Thursday, May 11, 2006

The Whole Story

There is a book on my shelf, The Whole Story: Editors on Fiction, edited by Warren Slesinger. This book has become a tangible reminder of how far I have come on my journey as a fiction writer, and now as an editor.

The featured editors explain how they choose the stories they publish. They describe their editorial procedures and policies, but not in the often generic terms presented in the guidelines of their respective literary magazines. This is a collection of anecdotal and intimate essays written specifically for this book, and although the book is 10 years old, the magazines represented in this book are still of value to writers who are submitting today--still prominent sources for the publication of a refined cross-section of contemporary American Fiction, i.e., The Iowa Review, Prairie Schooner, The North American Review etc.

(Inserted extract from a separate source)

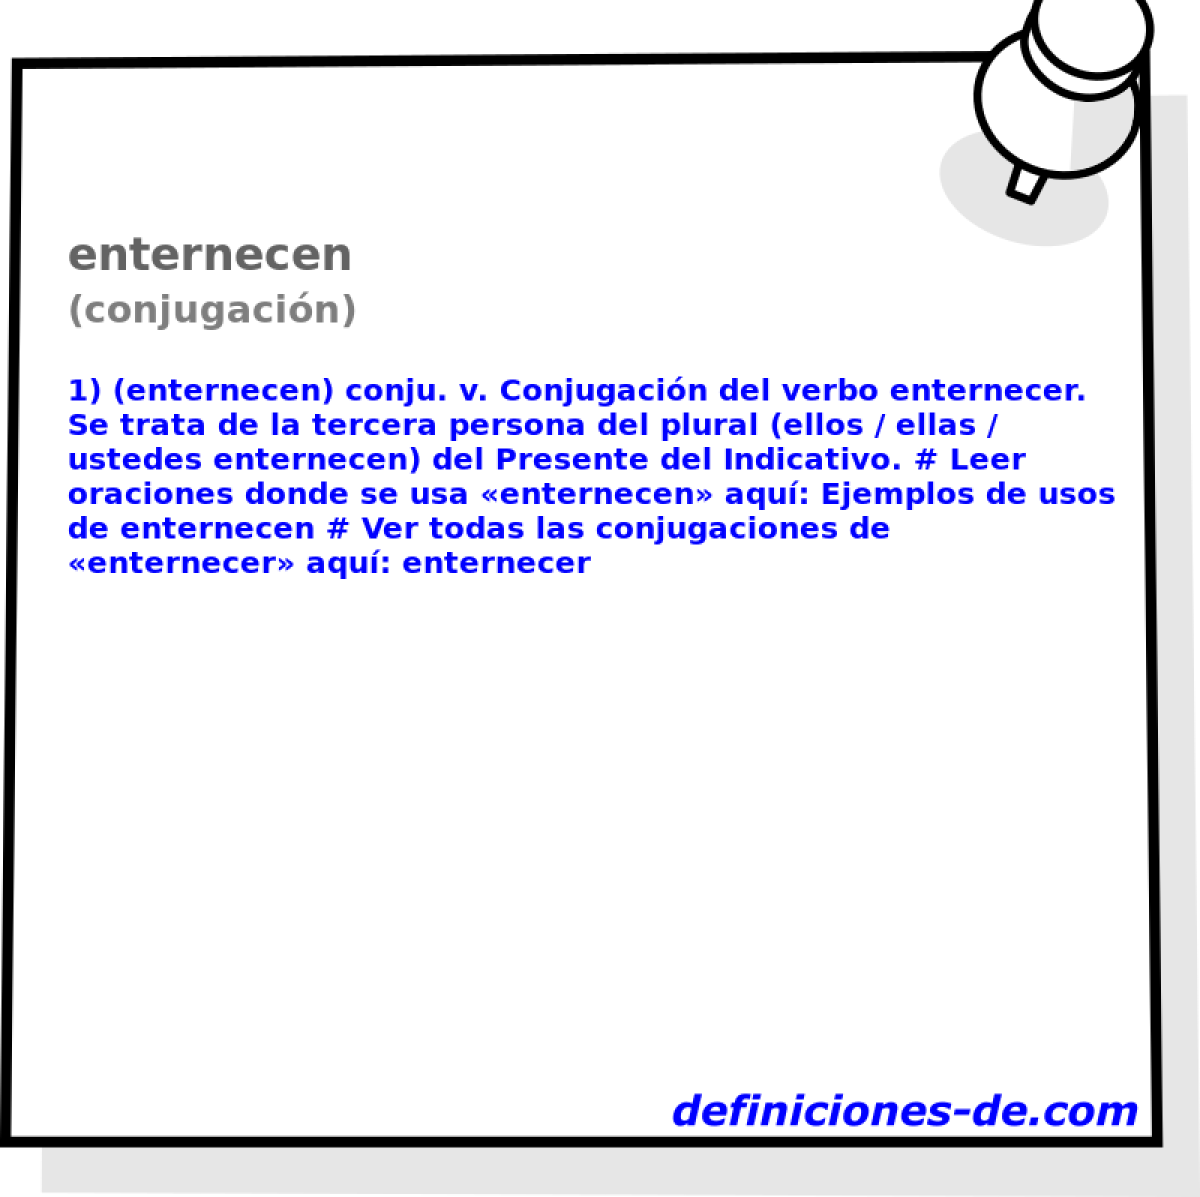 enternecen (conjugacin)

I remember pouring over the essays in this book, taking in all the tips and editorial insights of the submission process. I was grateful then, for the willingness of these editors to offer guidance to emerging writers, and now as I step into the role of a literary fiction editor, I welcome the opportunity to share my perspectives with writers who are eager to begin their journeys. The book will remain front and center on my desk, not only to remind me of where I’ve been, but to prompt me to continue to turn around and lend a hand to writers in back of me.

Yes, writers are a solitary lot, but we are never truly alone; there are many wordly paths, and there are always other writers just ahead and behind on the trailheads. There are snakes on these paths too, but I’ll save that for another post.